Tuesday 19 April 2011

Failure is not an option


Woke up this morning filled with a mixture of excitement and absolute fear - and in pain with my neck and right shoulder. Yup my back was playing me up - I cannot turn my head to the right, it is too painful. Thankfully a nice hot shower resolved that situation, but this is something I really don't need - together with my friend Wendy and her son Spencer, we are spending the last 5 days walking, and talking, the entire length of the Kennet & Avon canal - all 86 miles of it. We checked the forecast last night - and joy oh joy we were in for a heatwave - not what I really wanted! Walking 86 miles in the heat! But at least there are some parts of the K&A which are nice and shady - and too many stretches which are not.

My mind turned to the possibility that I may not be able to do the entire 86 mile stretch as my mothers words ring in my ears from my telephone conversation with her last night that no-one would mind if I failed. Well, I hate to admit it, failure is not an option here, failure has no place in my vocabulary any more. Instead I thanked God for making canals nice and flat - apart from the infamous Caen Hill lock flight at Devizes - smack in the middle of it all.13 locks if I have counted right - what joker put those there?

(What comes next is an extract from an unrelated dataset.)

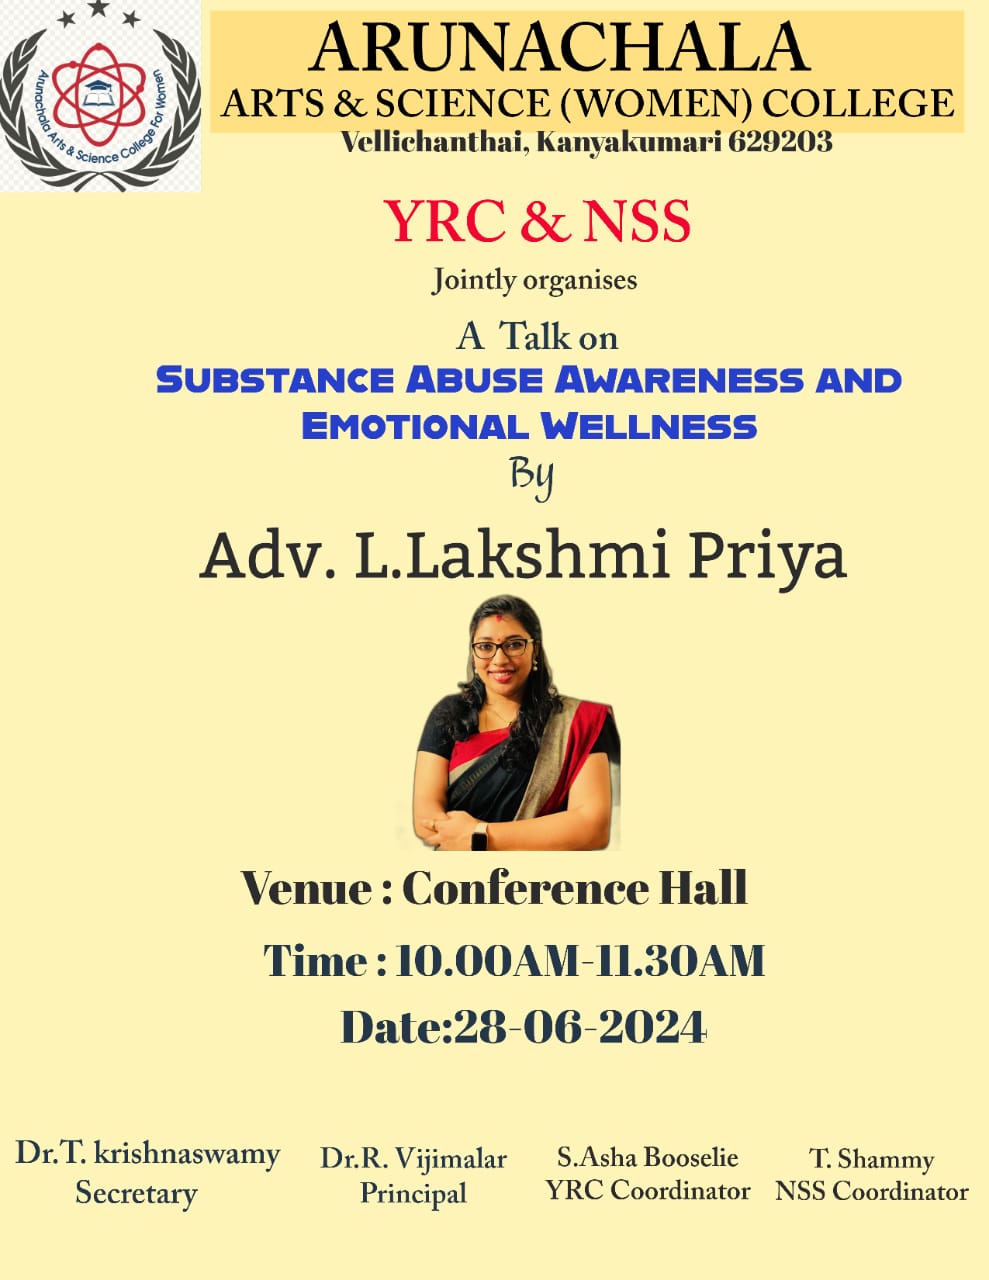 YRC & NSS jointly organised a talk on Substance Abuse Awareness and Emotional Wellness

And at this point I thought to myself "I wonder if anyone will notice me finishing at the bottom on Thursday evening and starting at the top on Friday?". I think Wendy and Spencer would for a start - perhaps I could bribe them. Spencer should be a pushover, Wendy on the other hand......

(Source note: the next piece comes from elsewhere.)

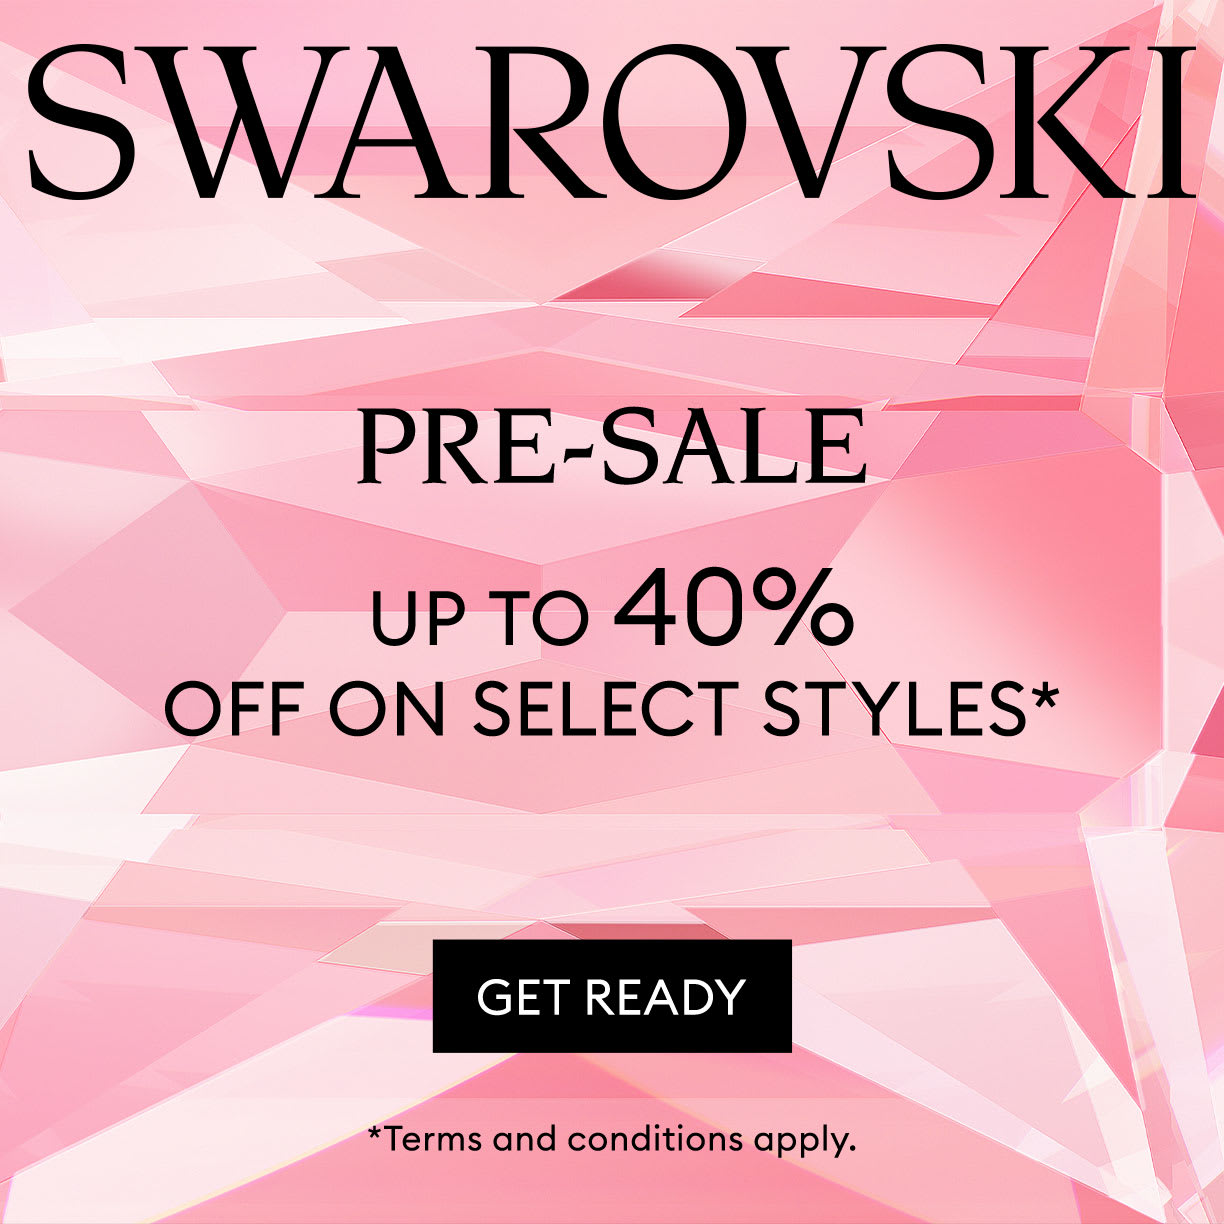 Pre-sale up to 40% off on select styles*

Yesterday we had a lovely day, with a visit from one of my oldest of friends (no, I don't mean that she is old - we've known each other since 1980). Judith and I talked about anything and everything under the hot hot sun - except Parkinsons. For a while all felt normal - my brain cells were not dying prematurely, I did not have the shake from hell, and more often than not disturbed nights. And then I realised I hadn't taken my lunchtime dose of brightly coloured drugs which were designed to do the job my stupid brain had abdicated responsibility for.

Back to thoughts of the next 5 days. There was to be an excess of positive thinking, as well as downing copious quantities of cider at the end of each long long day. At the mid-point of the walk where we will have put more miles behind us rather than ahead of us we will be joined by the infamous Q from Cure Parkinsons Trust and the venerable Slice of Life aka Jon Stamford. Apart from our first day, we should have company all the way to Reading. 

But one thing is clear - I am going to have to pack light for the next two days, as we will be staying in Bristol tonight, and with Wendys in-laws tomorrow. The next time I see my bed will be Thursday evening. Packing light is not something I have a great deal of experience in - I have plenty of experience though in packing for a month when I am away one night. This time, I really am going to have to leave the kitchen sink at home!